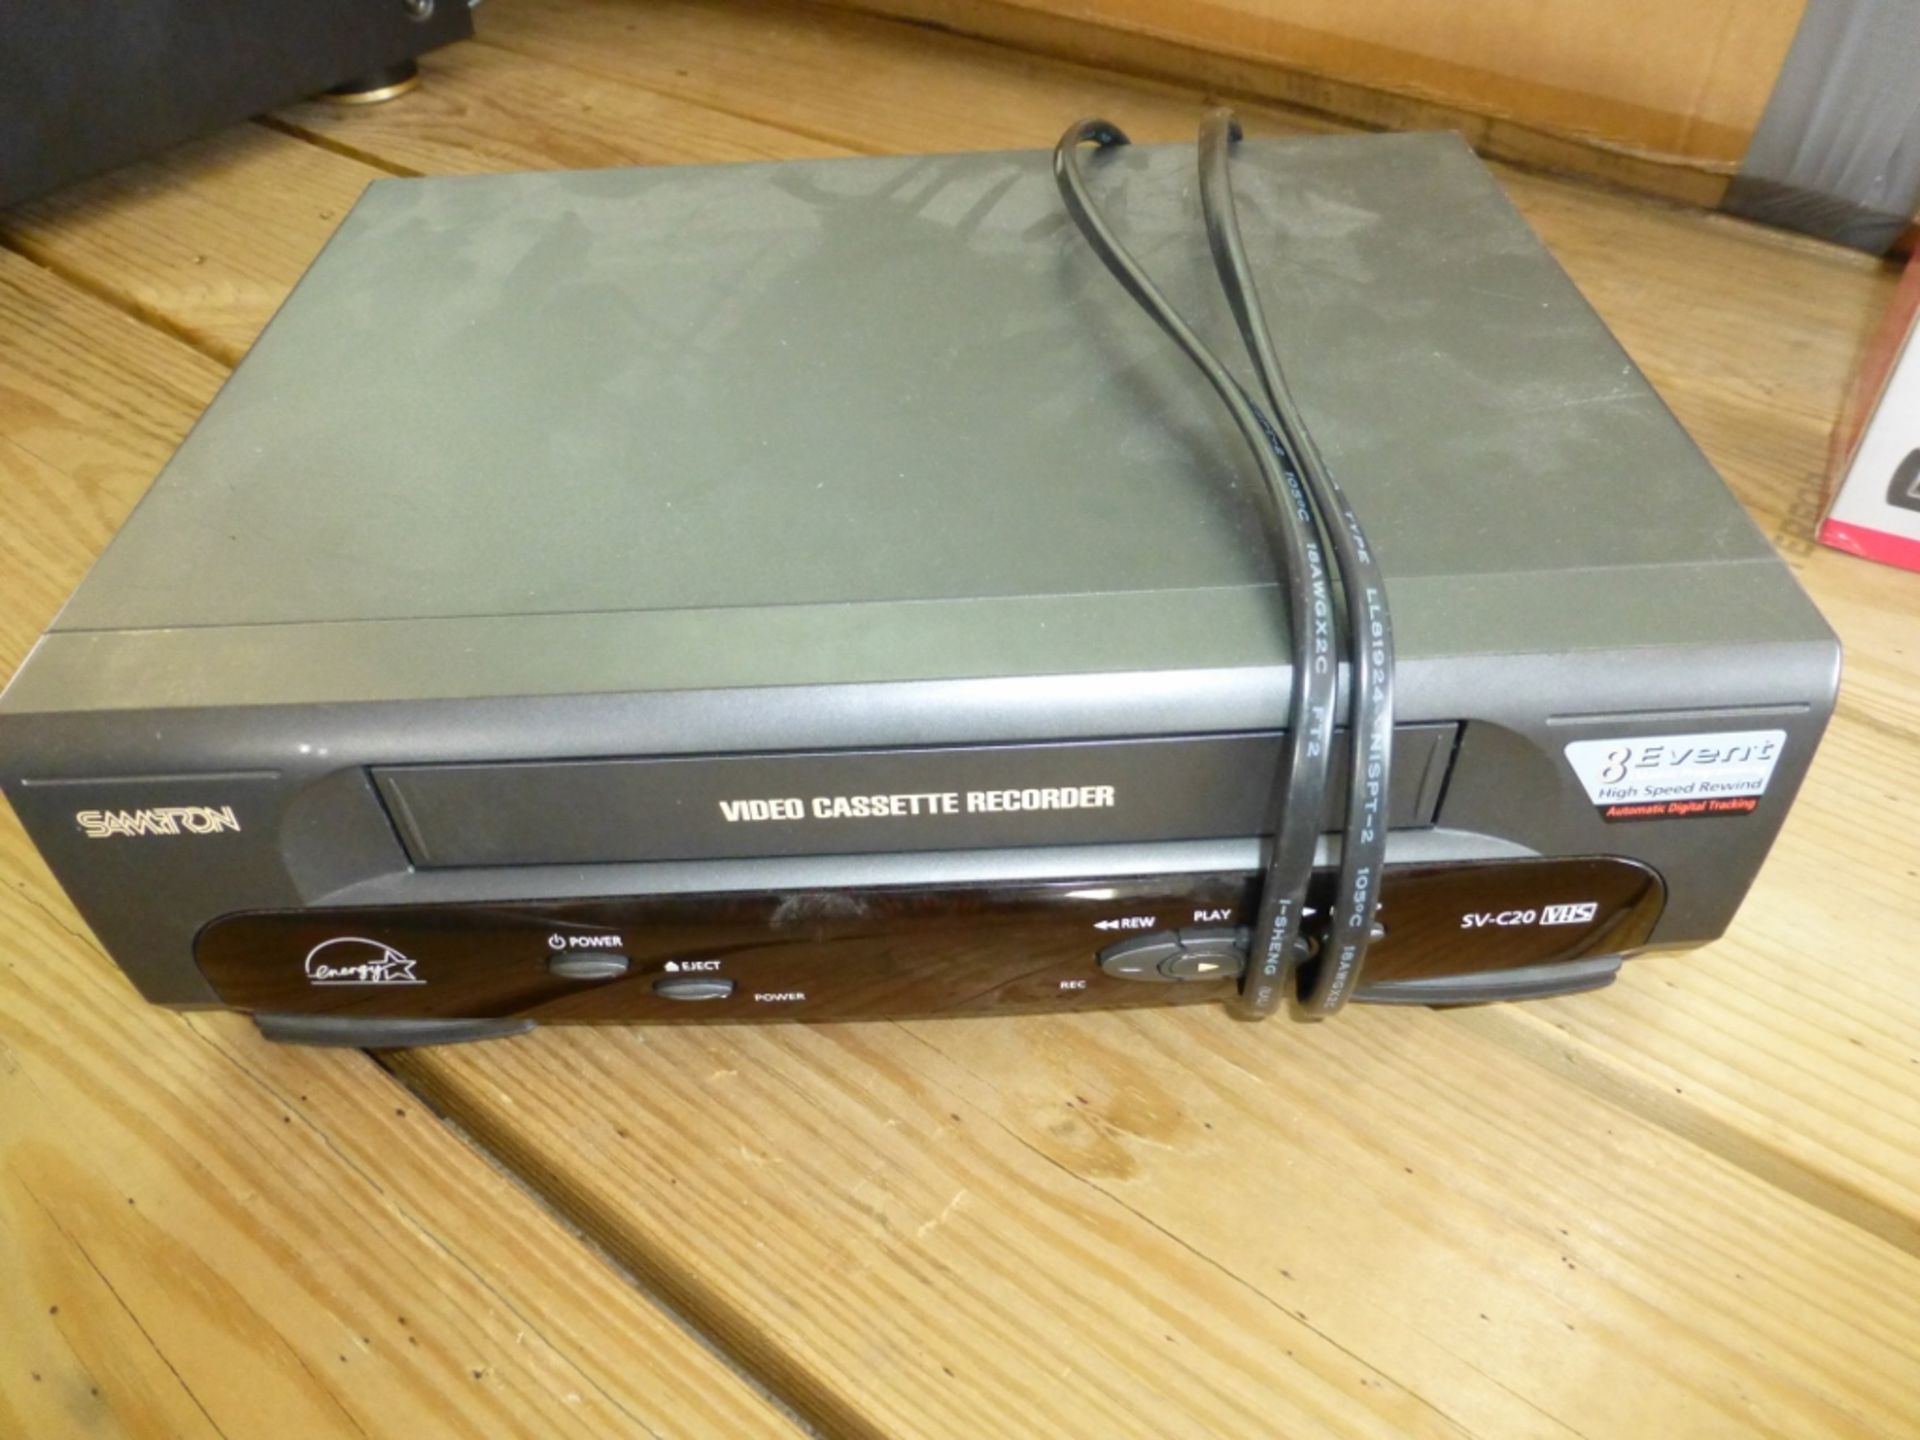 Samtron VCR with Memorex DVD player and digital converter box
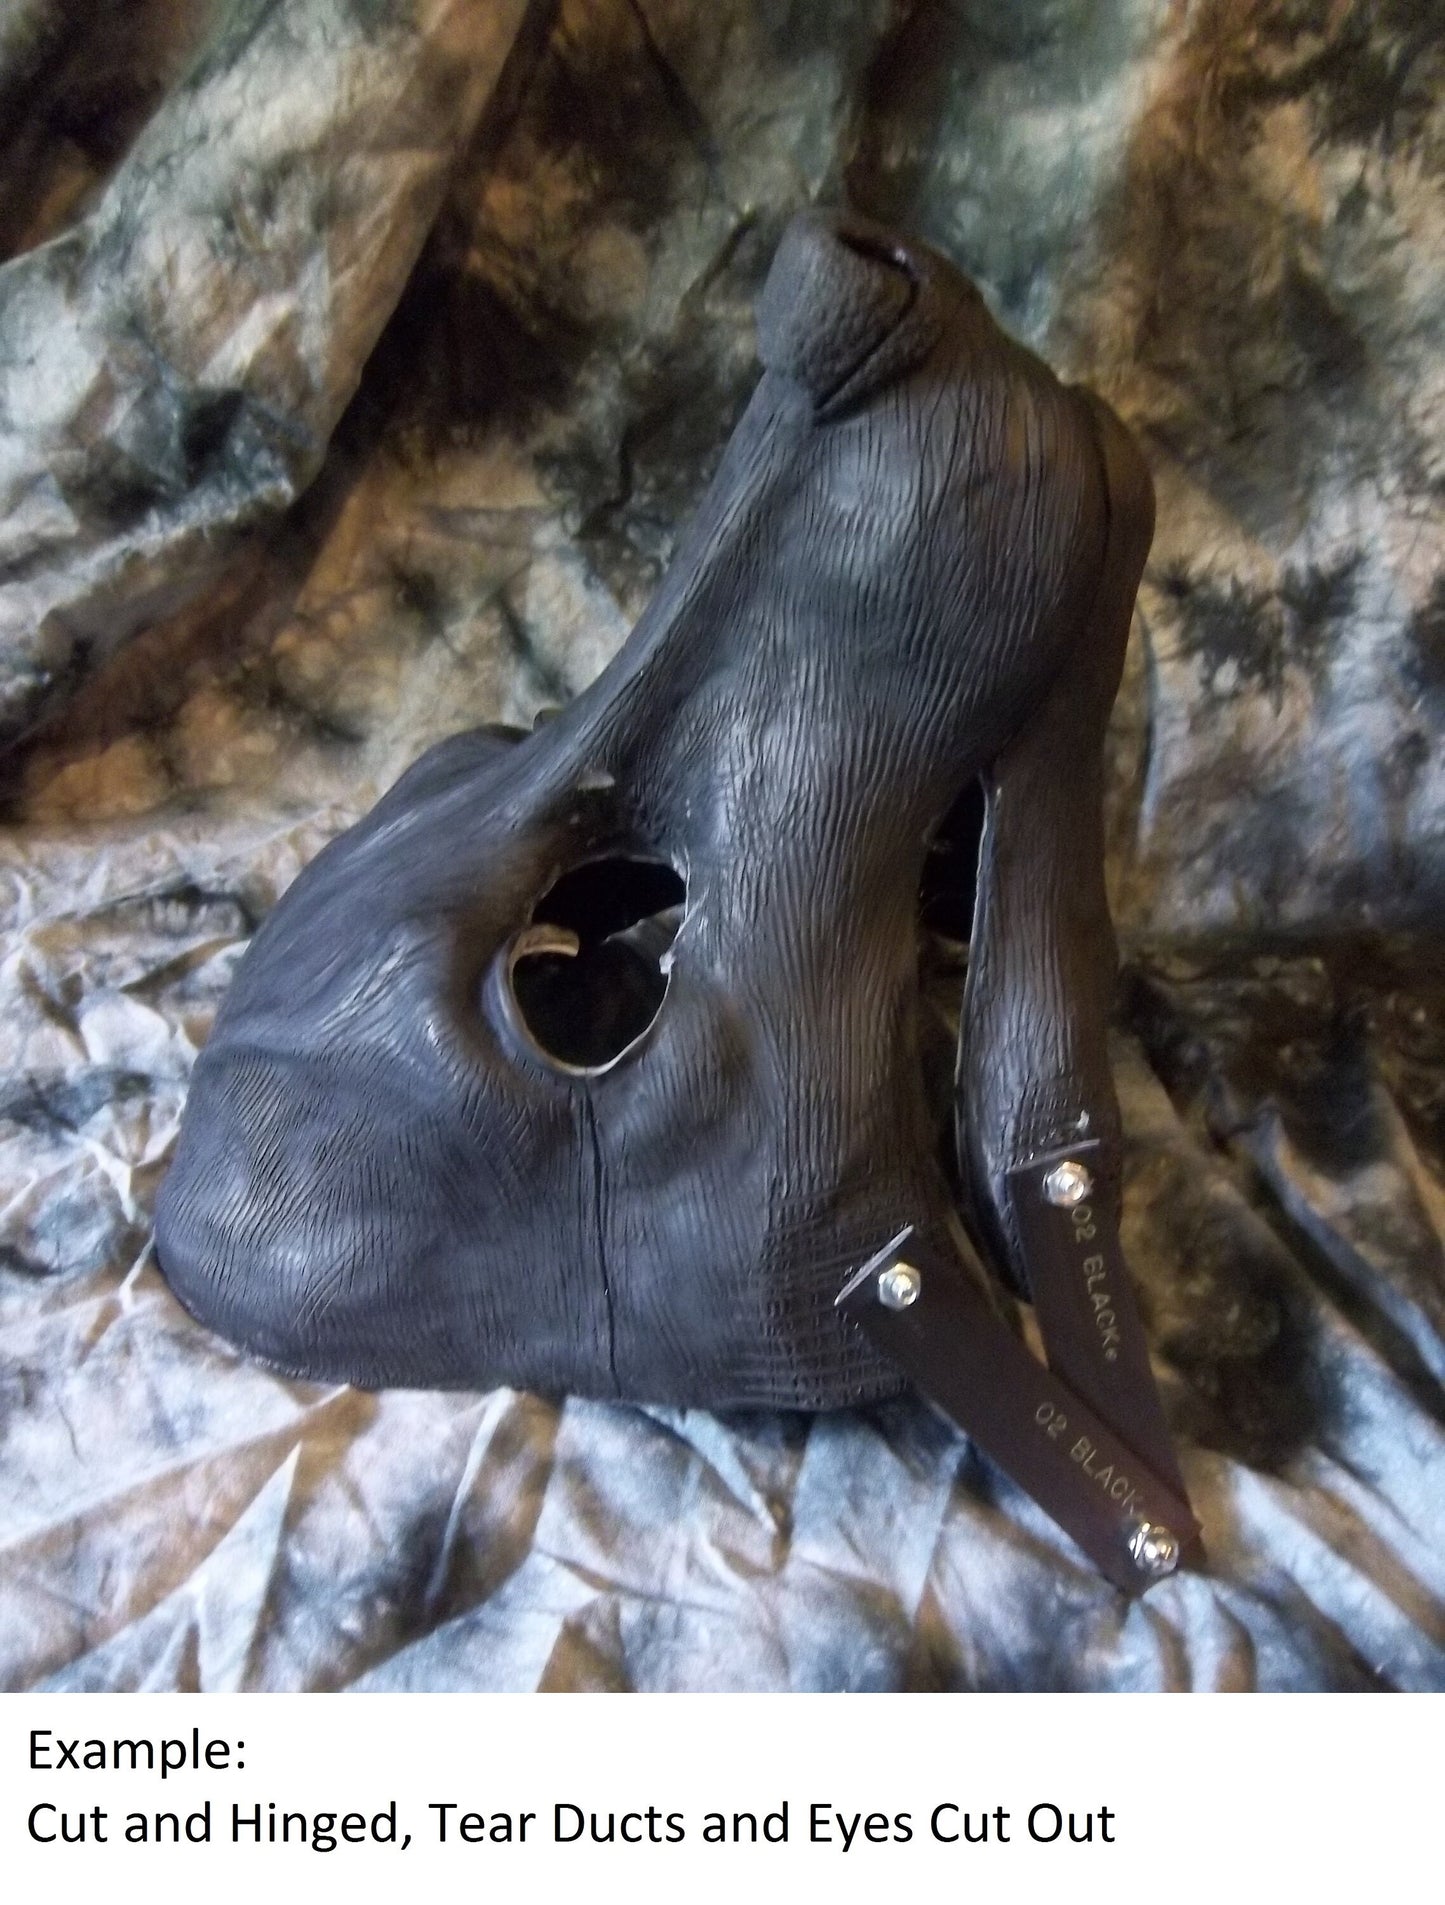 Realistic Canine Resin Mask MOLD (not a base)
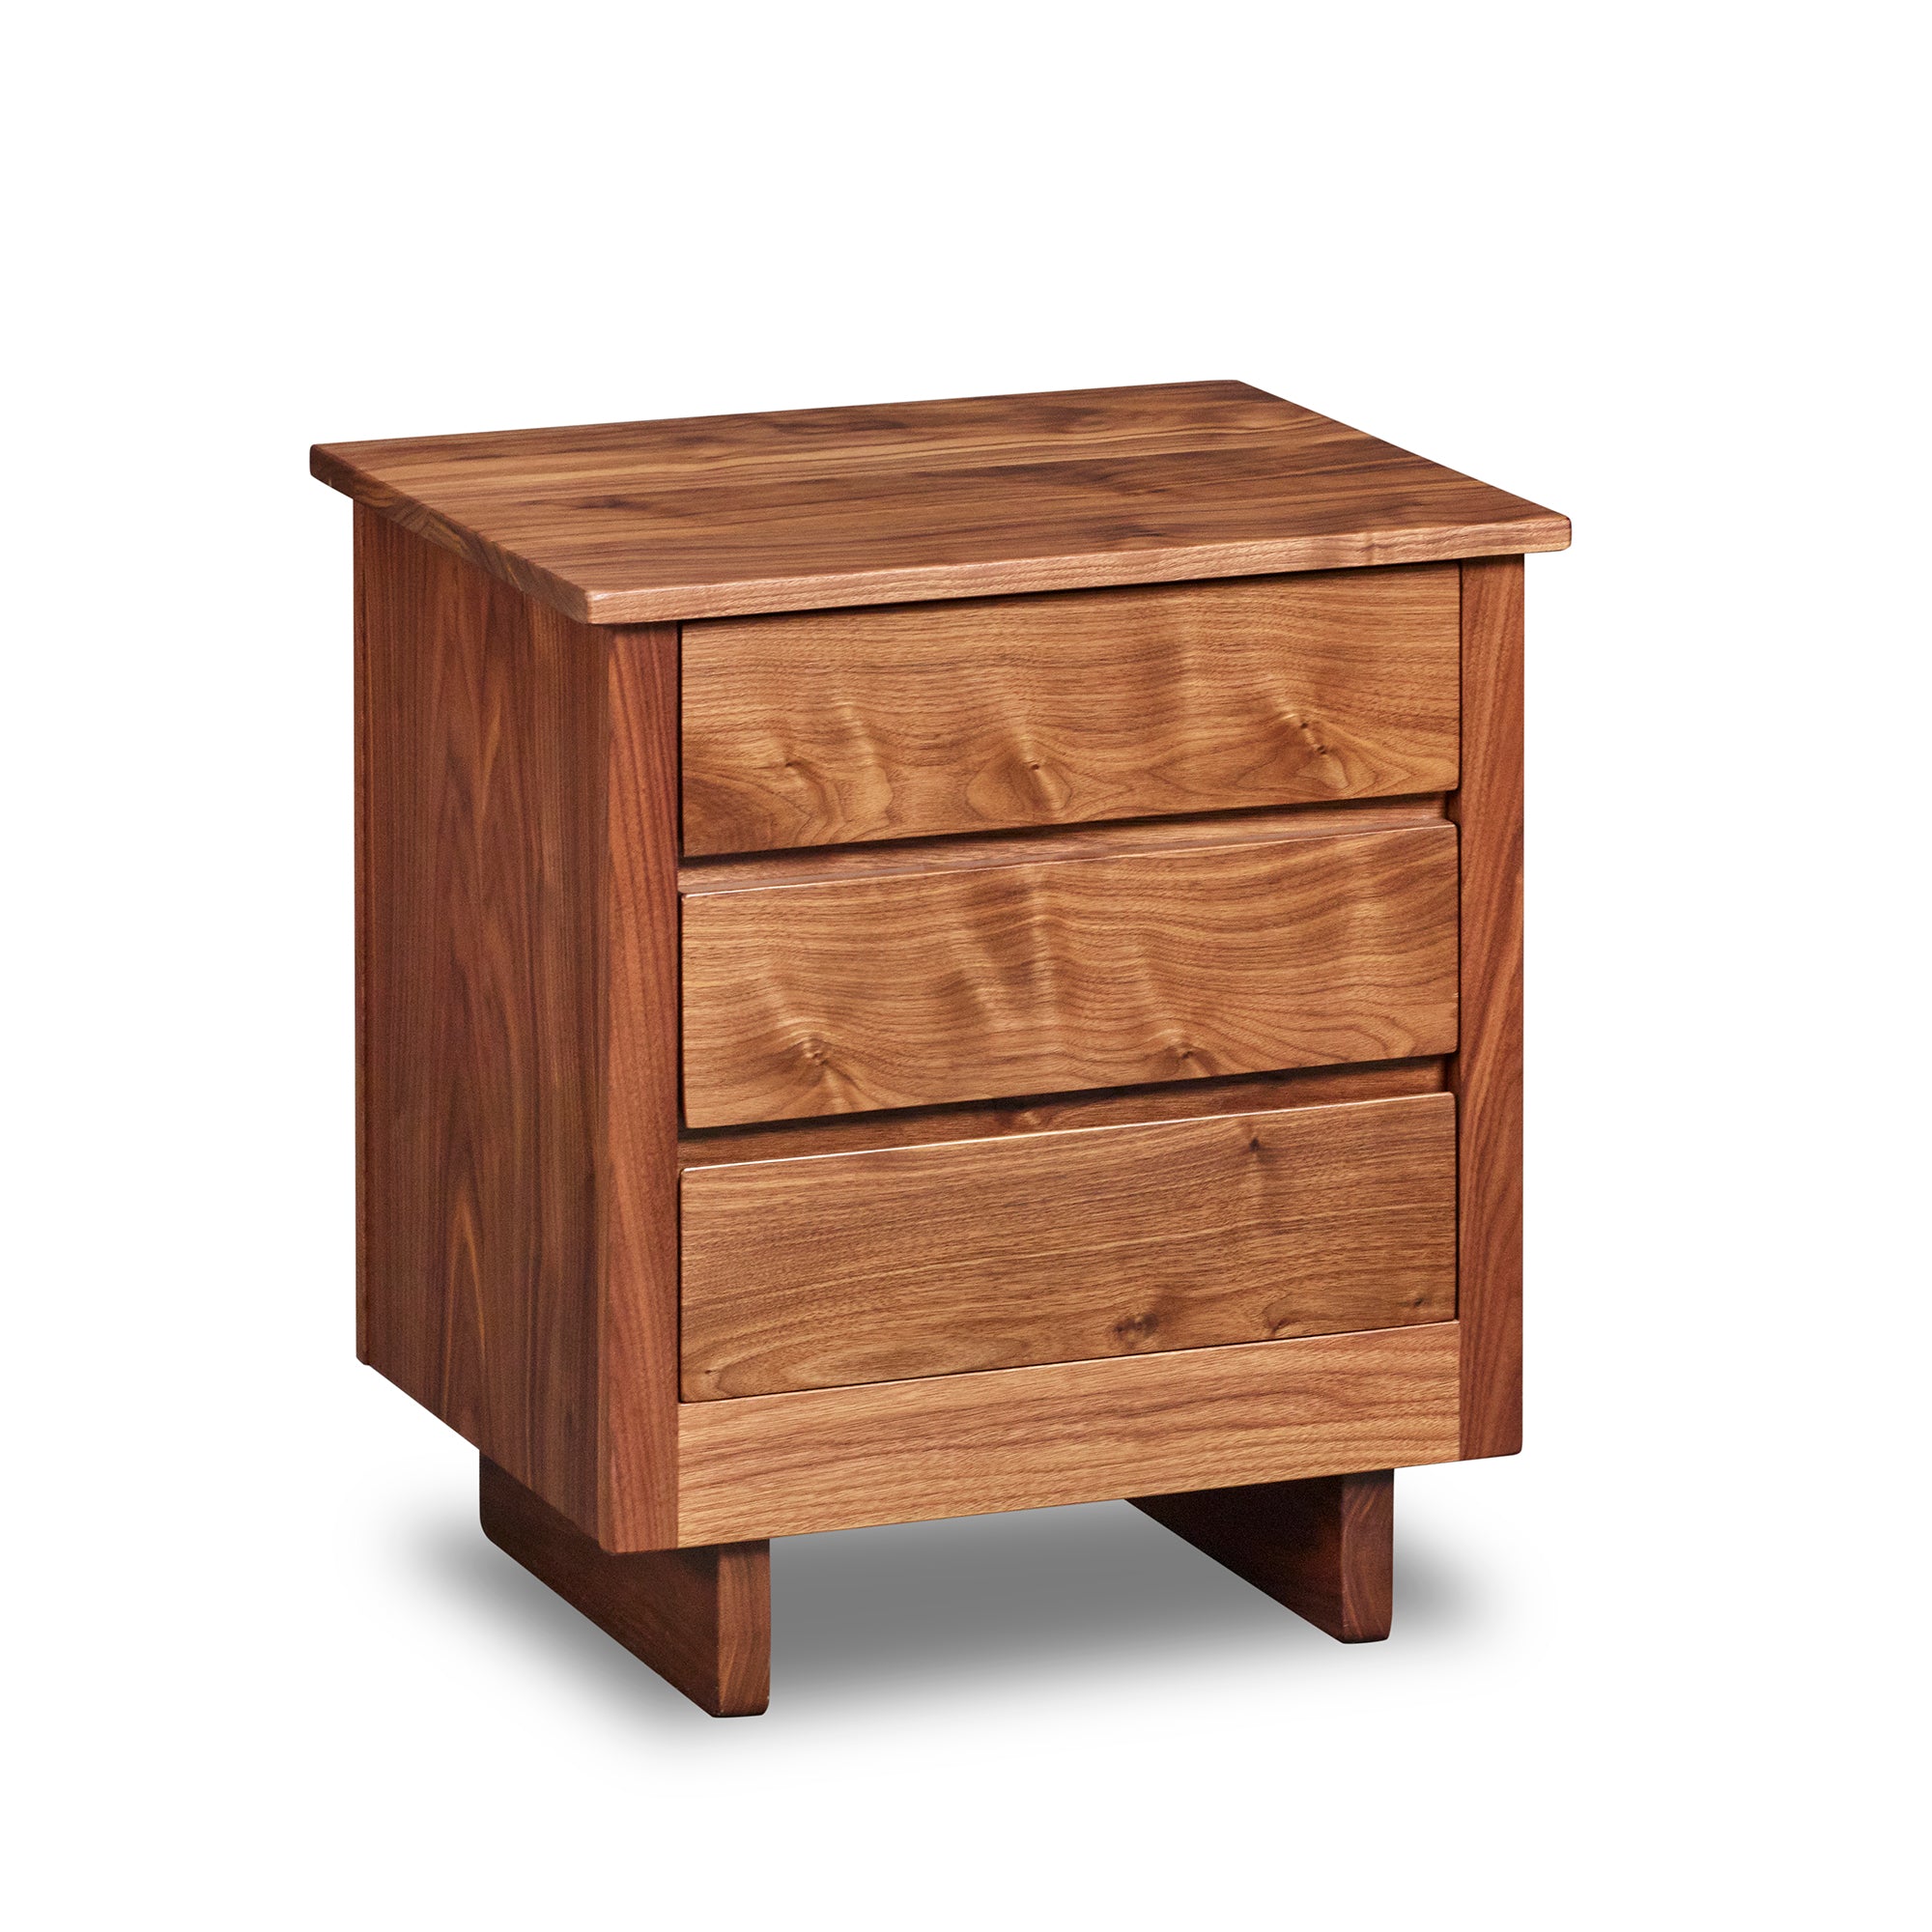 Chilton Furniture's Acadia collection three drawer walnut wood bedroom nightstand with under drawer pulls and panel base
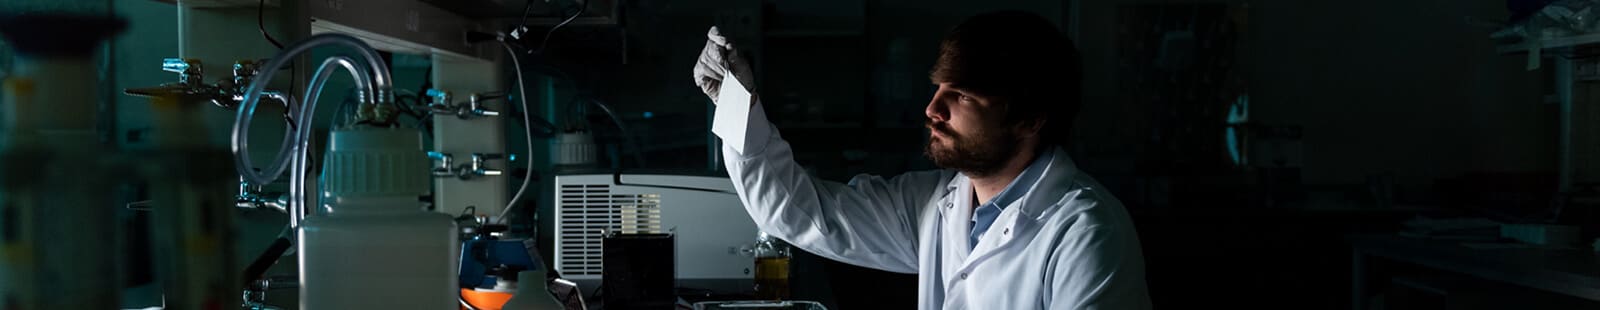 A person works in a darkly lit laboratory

########################################

__Instructions to follow__
Word for word, restate the material above; do not carry over the pictures.

__Written solution__
 Samtron VCR with Memorex DVD player and digital converter box
 Realistic Canine Resin Mask MOLD (not a base)
 Chilton Furniture's Acadia collection three drawer walnut wood bedroom nightstand with under drawer pulls and panel base
 A person works in a darkly lit laboratory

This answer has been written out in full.